What’s “Bad For Business” and What’s Not

Conservatives have embraced the truism that businesses are hurt by government regulation.  Ideologically, they argue, rules infringe on individual freedom, but they have also persuaded themselves that they are actually bad for the bottom line.

They are a drag on productivity, they claim, because they take so much time and so many resources to implement.  Moreover, they inhibit creativity and discourage innovation.  The U.S. Chamber of Commerce has said that small businesses “pay the price in higher costs, whether it is fuel or health care or whether it’s being able to find access to capital.”   As a result, the argument goes, regulations end up being bad for consumers too.

So it was something of a surprise to see a survey, conducted by the McClatchy Newspapers, indicating that small business owners don’t actually think that way.  (See, “Regulations, Taxes Aren’t Killing Small Business, Owners Say.”)

“None of the business owners complained about regulation in their particular industries, and most seemed to welcome it.”  Moreover, like many of the rest of us, “Some pointed to the lack of regulation in mortgage lending as a principal cause of the financial crisis that brought about the Great Recession of 2007-09 and its grim aftermath.”

Also, like many of the rest of us, they see the unfair advantages that many large business gain from tax loopholes.  Small businesses are not able to lobby as the large ones do or make contributions to the election campaigns of legislators in return for special favors.
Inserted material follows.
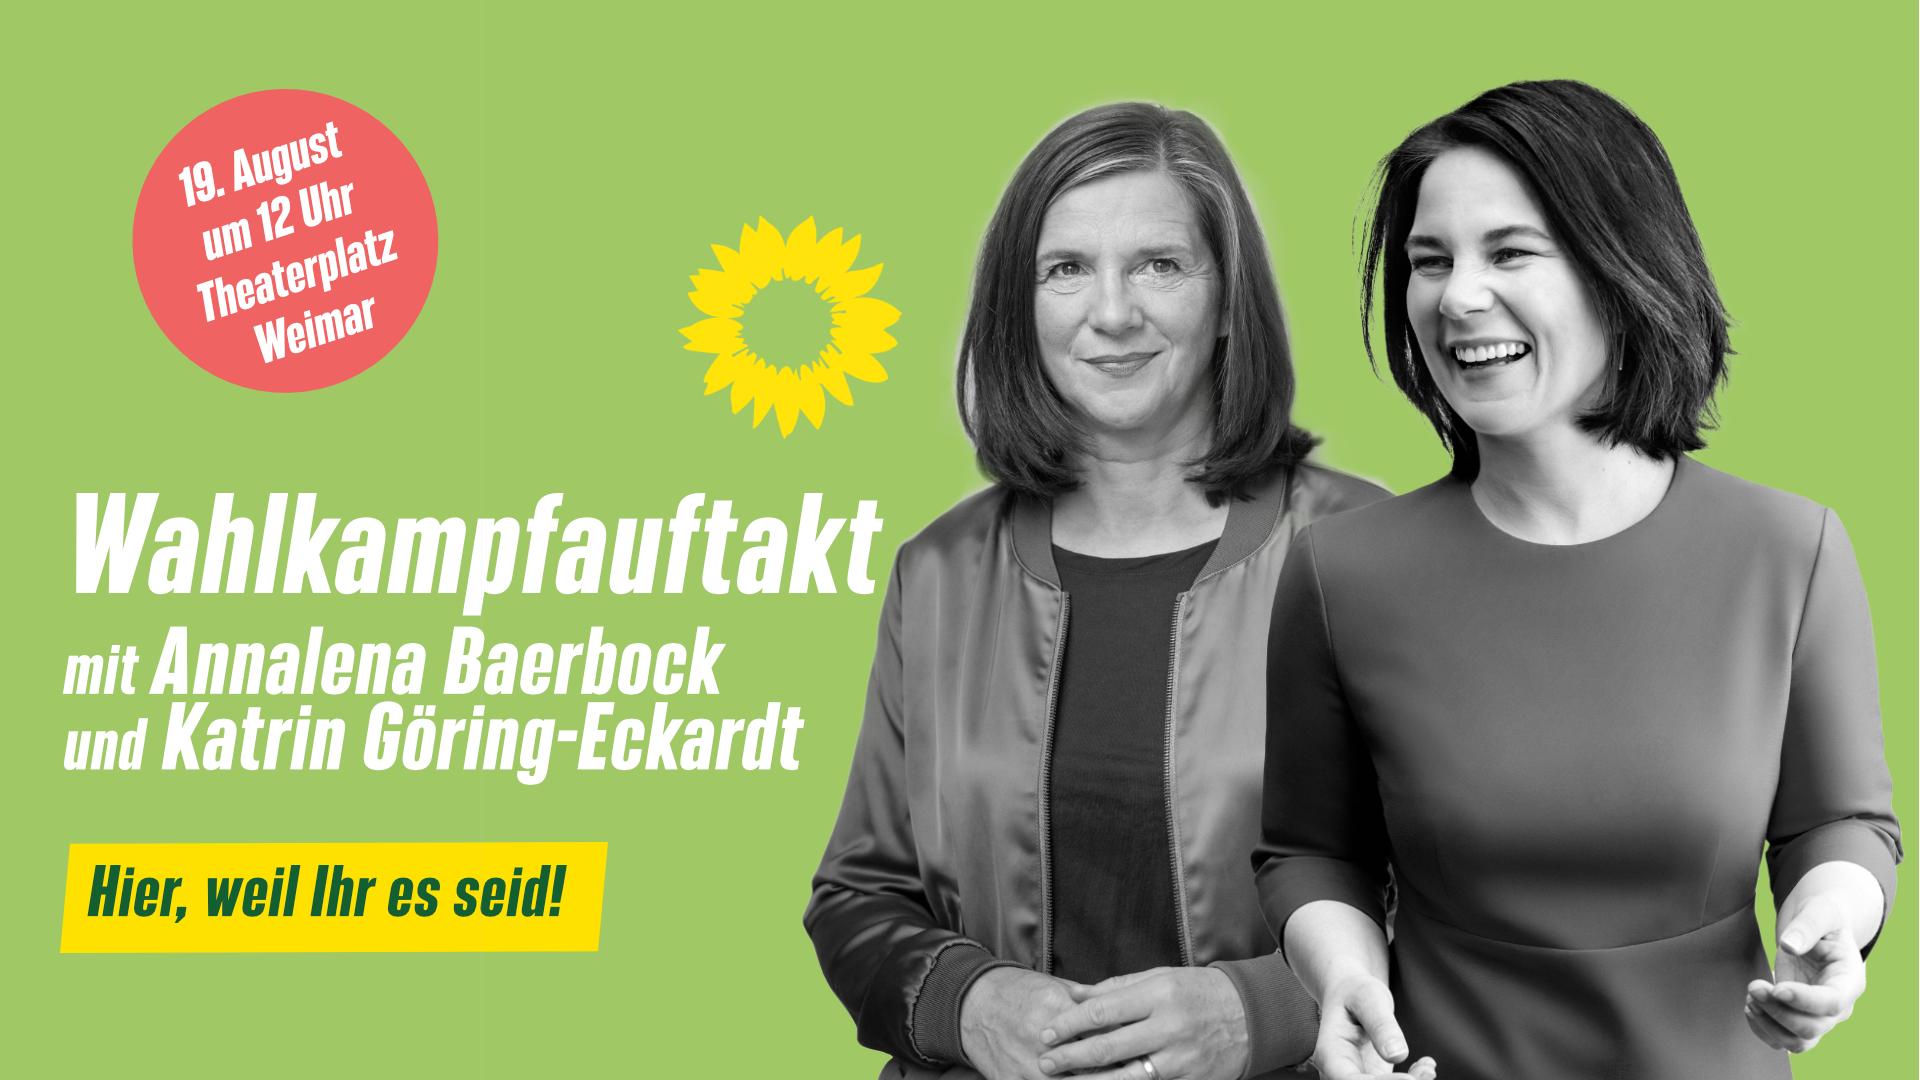 Wahlkampfauftakt mit Annalena Baerbock und Katrin Göring-Eckardt

According to the report, many small business owners actually thought governmental regulation is constructive.  “An executive in the hospitality business notes:  ‘The health and safety of our guests depend on regulations.’”

That isn’t to say they don’t face a lot of problems stemming from external requirements.  As one put it, “You cannot go into business, any business — small business or large business — unless you can afford insurance.”  Some complained in particular about workers’ compensation claims.

Another complained about the Internet. One said: “Everybody thinks the Internet is this great thing that is happening to the world, but it is really, I think, killing a lot of small business. People that we talk to that are no longer in business say the same thing exactly.”

In general, they are afraid of the shape of the economy:  “I think the business climate is so shaky that I would not want to undergo any expansion or outlay capital,” said the owner off an automobile repair shop.  He’s thinking about hiring one more mechanic.

For many of them, jobs are the key.  People not only need jobs to be able to buy from the smaller firms, but they need to have confidence that their jobs are secure. And large businesses, better able to manage the risk, are not hiring.

One builder of homes in California said, “It starts with jobs. … There’s an awful lot of people sitting on the fence; they’re waiting for a sign.”  If consumers are depressed or irrationally cautious, as Ben Bernanke suggested the other day, and not spending — along with businesses and banks – what kind of a sign would it take?